I think about this again, for a device bind-mount,

-v /dev/sdb:/mnt

How about we detect if this is block device, we always mount it inside container to a dir?

You know, if user want a raw block, he can easily use --device /dev/sdb, by this way, the container can has a raw block device /dev/sdb in container, if user use a volume, then in my understanding, he truly want a mounted directory.

What do you think?

cc @kata-containers/runtime

[sboeuf]

Not sure I'm following here where is the need. If a user wants to use a block device inside the container, he will pass the block device using -d or -v and do the mounting by himself. I don't see why we would include an implicit behavior because of -v, while runc does not do this. And I'm not sure about the real benefit for the user here.

[WeiZhang555]

@sboeuf

I'll describe the case, for example, if user want to run an application which need to persist some data, let's say:

# docker run -d -v /datavolume/userA/somedir:/opt/mysql  mysql 

For a native docker container, the /opt/mysql is a directory which can be written by mysql application directly inside container, everything works perfectly.

So now we have kata containers, the Cloud Provider will run K8S+kata-containers for user, and the user only need to provide his image and command he/she wants to run:

1. user upload his mysql image which was tested on his local machine with docker container.
2. user specify image and command, let cloud provider run the container for him with kata-containers.

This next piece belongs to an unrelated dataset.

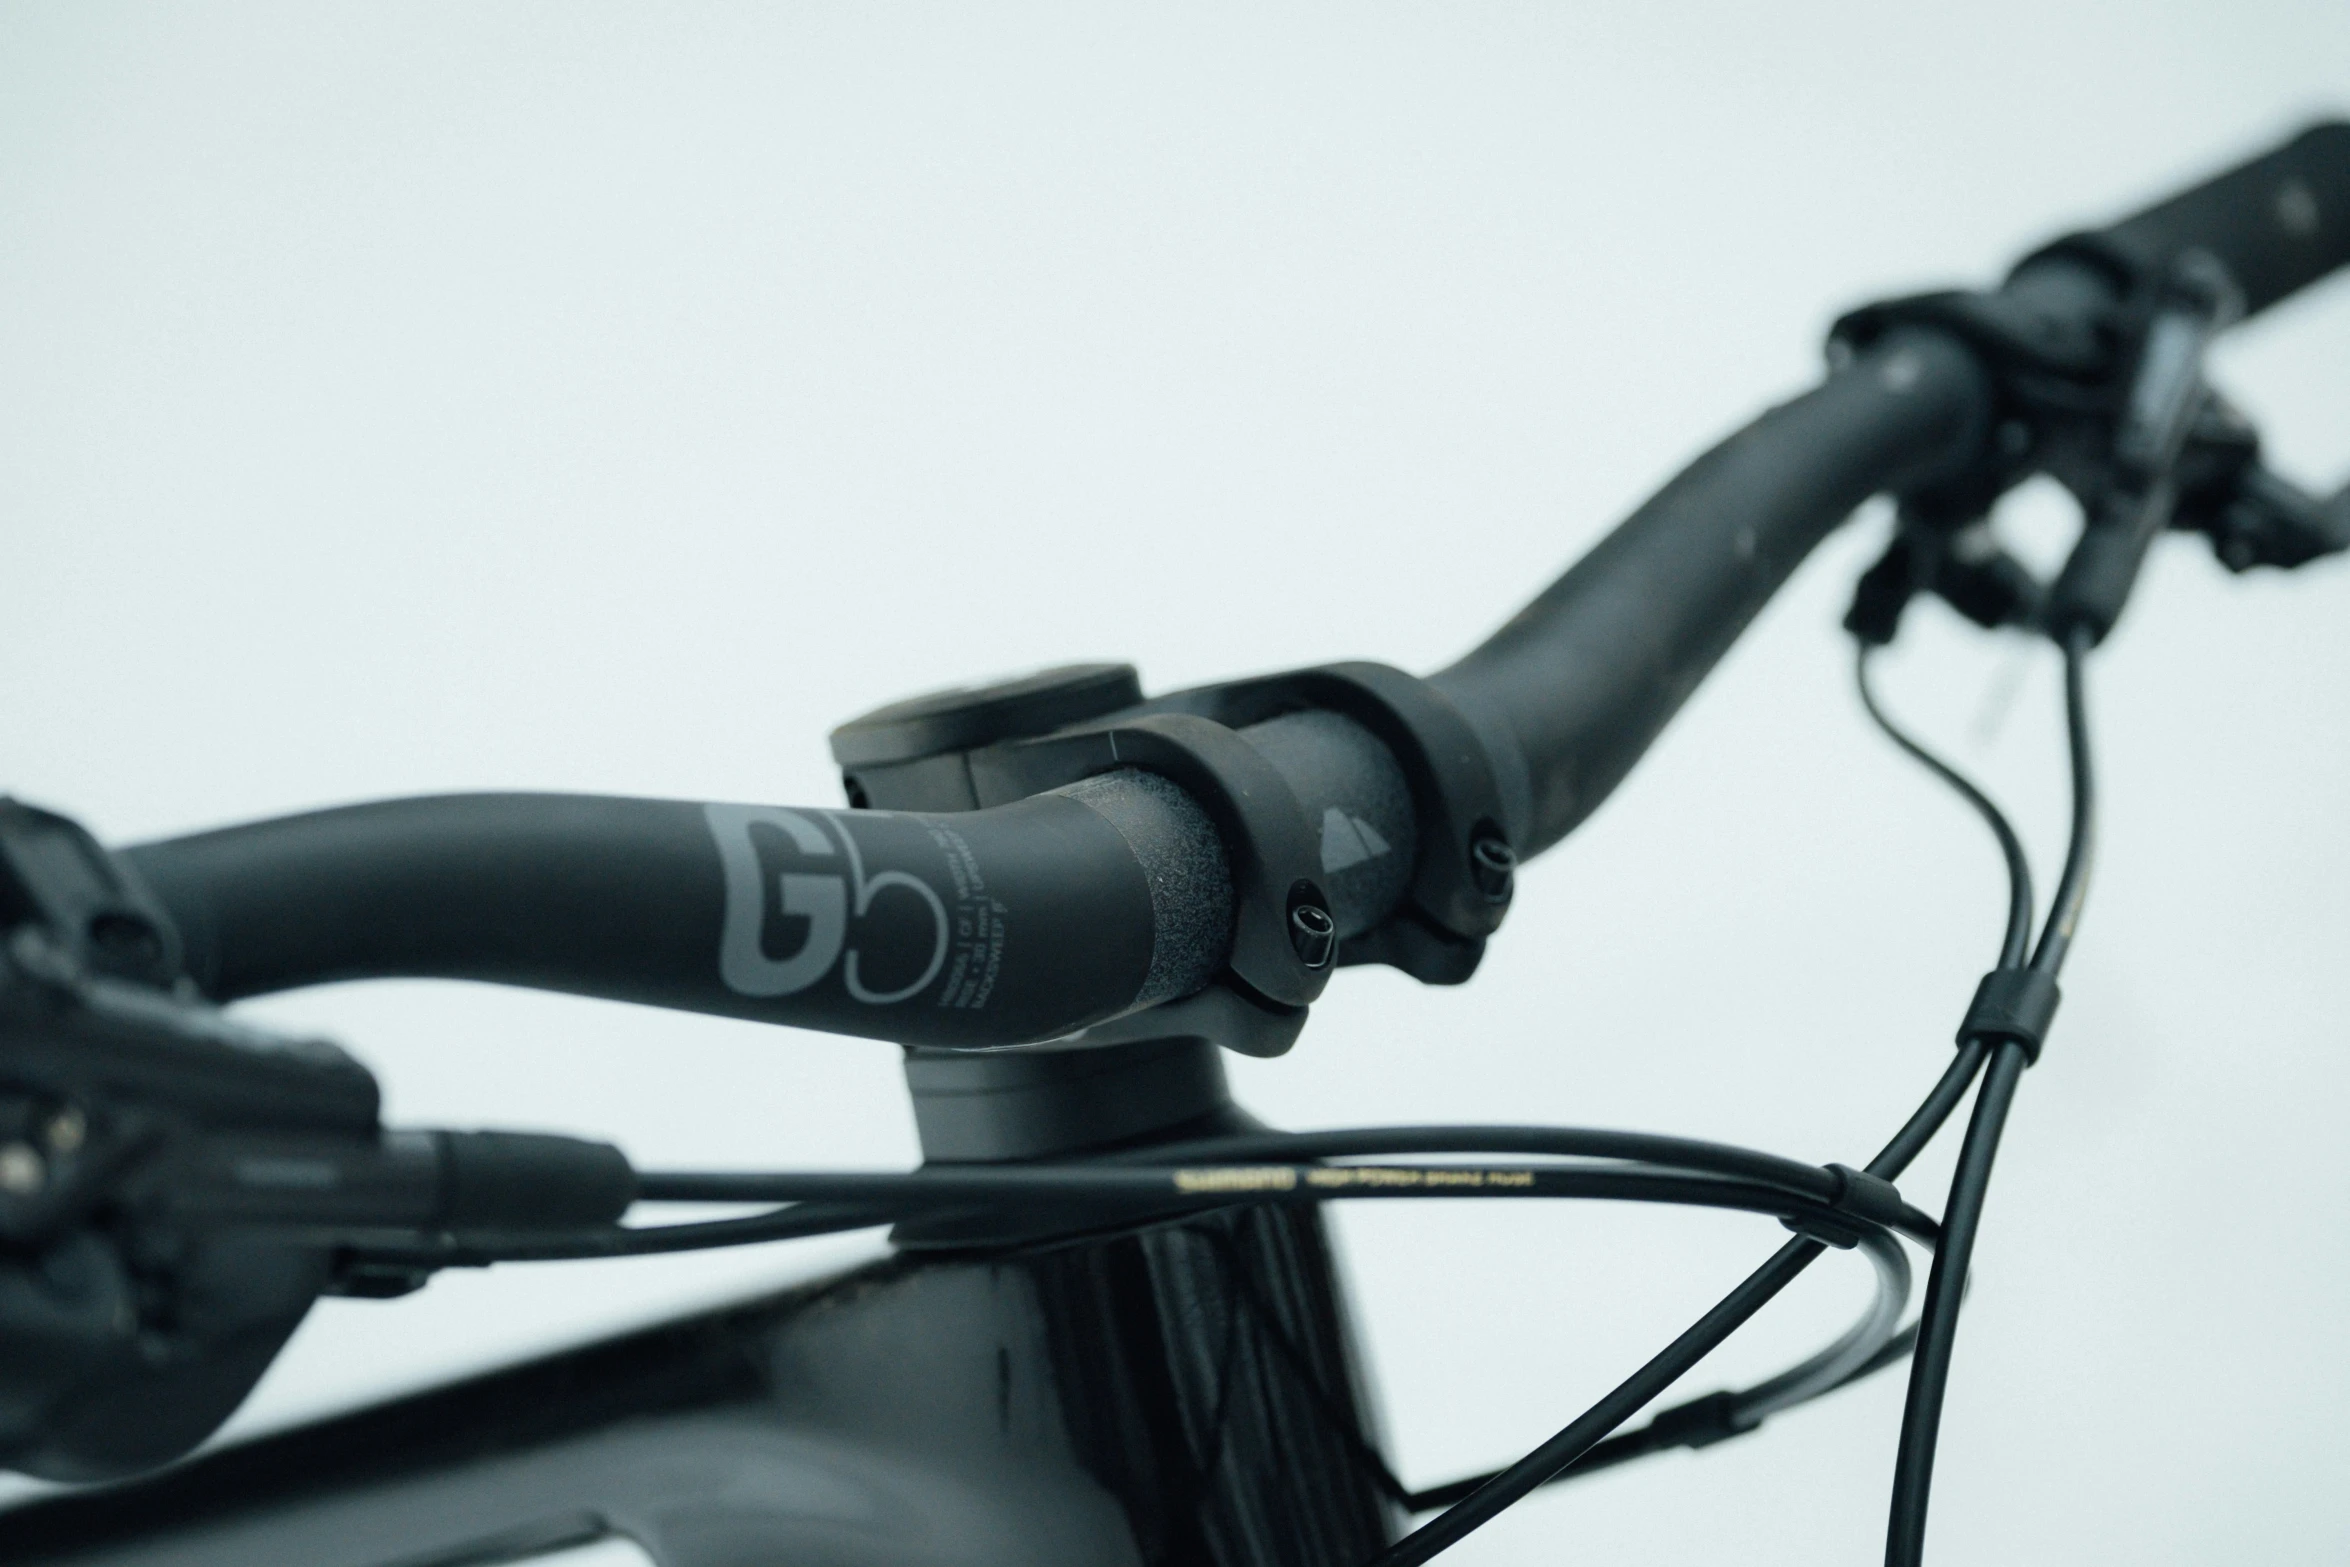 the seatpost and handlebars of a bike

Let's say, using the same command:

# docker run -d -v /datavolume/userA/somedir:/opt/mysql  mysql 

both /datavolume/userA/somedir and /opt/mysql are directories.

Yes, it works well for kata-containers too, the volume is passed via 9pfs.

Since 9pfs has some issues about compatibility and performance as you know, we will suggest user won't use 9pfs. So ideal docker command should be :

# docker run --cap-add SYS_ADMIN -d -v /dev/sdc:/dev/sdc  mysql sh -c "mount /dev/sdc /opt/mysql && mysqld ... "

/dev/sdc is block.

with this, we bypass 9p and instead user virtio-blk, right? This lead to another two problems:

1. user need to modify their image or command to adapt to kata-containers, and has to be aware of the block, and we have to explain to user why they can't simply use a directory volume, and why this doesn't represent kata-containers is harder to use than docker container.

2. we need to give user's container more privilege, which is SYS_ADMIN in this case. More privilege indicates less secure.

So what I suggest is:

# docker run -d -v /dev/sdc:/opt/mysql mysql

/dev/sdc is block and /opt/mysql is dir

1. user doesn't need to modify his image/command, he also doesn't need to care about choice between 9pfs or virtio-blk.
2. no new privileged needed.

That's a lot of benefits for me.

[amshinde]

@sboeuf All the points that @WeiZhang555 mentioned, plus this scenario as well:

$ sudo docker run -v /dev/sdc:/dev/sdc --cap-add SYS_ADMIN mysql bash -c "mount /dev/sdc /opt/mysql && mysql"

Doing things this way, you need to modify the CMD that needs to be run. Your Entrypoint script may need to perform setup which depends on the volume being present in the first place. In that case you have no other option but to modify the image.

[raravena80]

Can we make this work with k8s too? 😄

[amshinde]

@raravena80 We need to see how we can make this work with k8s CSI. I haven't looked at it a whole lot, but this is in our roadmap. @bergwolf has created a github project to track this.

[wilsonwang371]

what is the current status of this bug now?